***** Exercise input *****

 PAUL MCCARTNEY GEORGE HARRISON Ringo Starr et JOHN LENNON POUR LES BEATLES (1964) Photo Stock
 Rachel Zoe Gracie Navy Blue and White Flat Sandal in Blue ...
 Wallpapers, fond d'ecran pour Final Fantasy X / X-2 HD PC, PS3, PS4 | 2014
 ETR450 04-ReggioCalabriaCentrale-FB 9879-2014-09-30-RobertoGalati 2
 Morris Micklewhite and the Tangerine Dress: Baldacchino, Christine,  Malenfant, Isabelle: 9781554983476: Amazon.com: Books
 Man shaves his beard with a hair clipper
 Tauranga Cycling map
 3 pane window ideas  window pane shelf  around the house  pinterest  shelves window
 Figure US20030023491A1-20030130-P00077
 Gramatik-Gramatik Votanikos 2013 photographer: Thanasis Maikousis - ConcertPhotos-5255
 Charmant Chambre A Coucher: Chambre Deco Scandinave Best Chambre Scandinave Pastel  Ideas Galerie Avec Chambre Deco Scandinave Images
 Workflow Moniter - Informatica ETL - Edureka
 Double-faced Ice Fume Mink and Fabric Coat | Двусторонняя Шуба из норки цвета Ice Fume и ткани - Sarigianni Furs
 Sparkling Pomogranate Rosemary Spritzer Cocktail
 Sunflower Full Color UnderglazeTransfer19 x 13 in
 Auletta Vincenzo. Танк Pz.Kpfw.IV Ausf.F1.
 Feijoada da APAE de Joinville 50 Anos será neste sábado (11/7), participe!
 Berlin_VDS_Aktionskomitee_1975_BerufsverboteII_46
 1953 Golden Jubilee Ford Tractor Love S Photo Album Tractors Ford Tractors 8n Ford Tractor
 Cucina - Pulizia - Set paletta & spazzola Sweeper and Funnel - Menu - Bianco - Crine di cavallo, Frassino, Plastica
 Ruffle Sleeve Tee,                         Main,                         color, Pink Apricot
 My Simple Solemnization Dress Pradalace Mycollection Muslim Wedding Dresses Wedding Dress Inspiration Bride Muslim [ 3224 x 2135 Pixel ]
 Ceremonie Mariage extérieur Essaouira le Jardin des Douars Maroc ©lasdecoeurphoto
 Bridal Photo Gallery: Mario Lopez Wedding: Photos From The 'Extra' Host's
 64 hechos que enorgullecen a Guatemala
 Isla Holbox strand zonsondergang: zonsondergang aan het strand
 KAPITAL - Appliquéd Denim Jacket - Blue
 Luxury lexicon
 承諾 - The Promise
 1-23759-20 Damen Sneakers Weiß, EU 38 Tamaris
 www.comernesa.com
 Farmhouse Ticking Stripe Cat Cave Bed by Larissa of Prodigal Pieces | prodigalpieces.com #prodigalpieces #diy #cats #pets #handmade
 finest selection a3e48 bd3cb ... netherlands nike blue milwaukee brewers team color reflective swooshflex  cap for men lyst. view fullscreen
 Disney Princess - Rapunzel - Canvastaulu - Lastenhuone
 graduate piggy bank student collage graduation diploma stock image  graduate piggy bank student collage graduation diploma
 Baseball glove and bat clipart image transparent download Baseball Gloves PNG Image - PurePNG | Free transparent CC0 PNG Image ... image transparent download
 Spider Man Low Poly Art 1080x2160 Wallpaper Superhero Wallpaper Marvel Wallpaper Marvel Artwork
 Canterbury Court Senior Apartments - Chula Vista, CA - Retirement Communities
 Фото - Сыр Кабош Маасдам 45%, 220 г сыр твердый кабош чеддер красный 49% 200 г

*****

→ **Work task**
Exactly as given, repeat each line above.

→ **Answer to the problem**
 PAUL MCCARTNEY GEORGE HARRISON Ringo Starr et JOHN LENNON POUR LES BEATLES (1964) Photo Stock
 Rachel Zoe Gracie Navy Blue and White Flat Sandal in Blue ...
 Wallpapers, fond d'ecran pour Final Fantasy X / X-2 HD PC, PS3, PS4 | 2014
 ETR450 04-ReggioCalabriaCentrale-FB 9879-2014-09-30-RobertoGalati 2
 Morris Micklewhite and the Tangerine Dress: Baldacchino, Christine,  Malenfant, Isabelle: 9781554983476: Amazon.com: Books
 Man shaves his beard with a hair clipper
 Tauranga Cycling map
 3 pane window ideas  window pane shelf  around the house  pinterest  shelves window
 Figure US20030023491A1-20030130-P00077
 Gramatik-Gramatik Votanikos 2013 photographer: Thanasis Maikousis - ConcertPhotos-5255
 Charmant Chambre A Coucher: Chambre Deco Scandinave Best Chambre Scandinave Pastel  Ideas Galerie Avec Chambre Deco Scandinave Images
 Workflow Moniter - Informatica ETL - Edureka
 Double-faced Ice Fume Mink and Fabric Coat | Двусторонняя Шуба из норки цвета Ice Fume и ткани - Sarigianni Furs
 Sparkling Pomogranate Rosemary Spritzer Cocktail
 Sunflower Full Color UnderglazeTransfer19 x 13 in
 Auletta Vincenzo. Танк Pz.Kpfw.IV Ausf.F1.
 Feijoada da APAE de Joinville 50 Anos será neste sábado (11/7), participe!
 Berlin_VDS_Aktionskomitee_1975_BerufsverboteII_46
 1953 Golden Jubilee Ford Tractor Love S Photo Album Tractors Ford Tractors 8n Ford Tractor
 Cucina - Pulizia - Set paletta & spazzola Sweeper and Funnel - Menu - Bianco - Crine di cavallo, Frassino, Plastica
 Ruffle Sleeve Tee,                         Main,                         color, Pink Apricot
 My Simple Solemnization Dress Pradalace Mycollection Muslim Wedding Dresses Wedding Dress Inspiration Bride Muslim [ 3224 x 2135 Pixel ]
 Ceremonie Mariage extérieur Essaouira le Jardin des Douars Maroc ©lasdecoeurphoto
 Bridal Photo Gallery: Mario Lopez Wedding: Photos From The 'Extra' Host's
 64 hechos que enorgullecen a Guatemala
 Isla Holbox strand zonsondergang: zonsondergang aan het strand
 KAPITAL - Appliquéd Denim Jacket - Blue
 Luxury lexicon
 承諾 - The Promise
 1-23759-20 Damen Sneakers Weiß, EU 38 Tamaris
 www.comernesa.com
 Farmhouse Ticking Stripe Cat Cave Bed by Larissa of Prodigal Pieces | prodigalpieces.com #prodigalpieces #diy #cats #pets #handmade
 finest selection a3e48 bd3cb ... netherlands nike blue milwaukee brewers team color reflective swooshflex  cap for men lyst. view fullscreen
 Disney Princess - Rapunzel - Canvastaulu - Lastenhuone
 graduate piggy bank student collage graduation diploma stock image  graduate piggy bank student collage graduation diploma
 Baseball glove and bat clipart image transparent download Baseball Gloves PNG Image - PurePNG | Free transparent CC0 PNG Image ... image transparent download
 Spider Man Low Poly Art 1080x2160 Wallpaper Superhero Wallpaper Marvel Wallpaper Marvel Artwork
 Canterbury Court Senior Apartments - Chula Vista, CA - Retirement Communities
 Фото - Сыр Кабош Маасдам 45%, 220 г сыр твердый кабош чеддер красный 49% 200 г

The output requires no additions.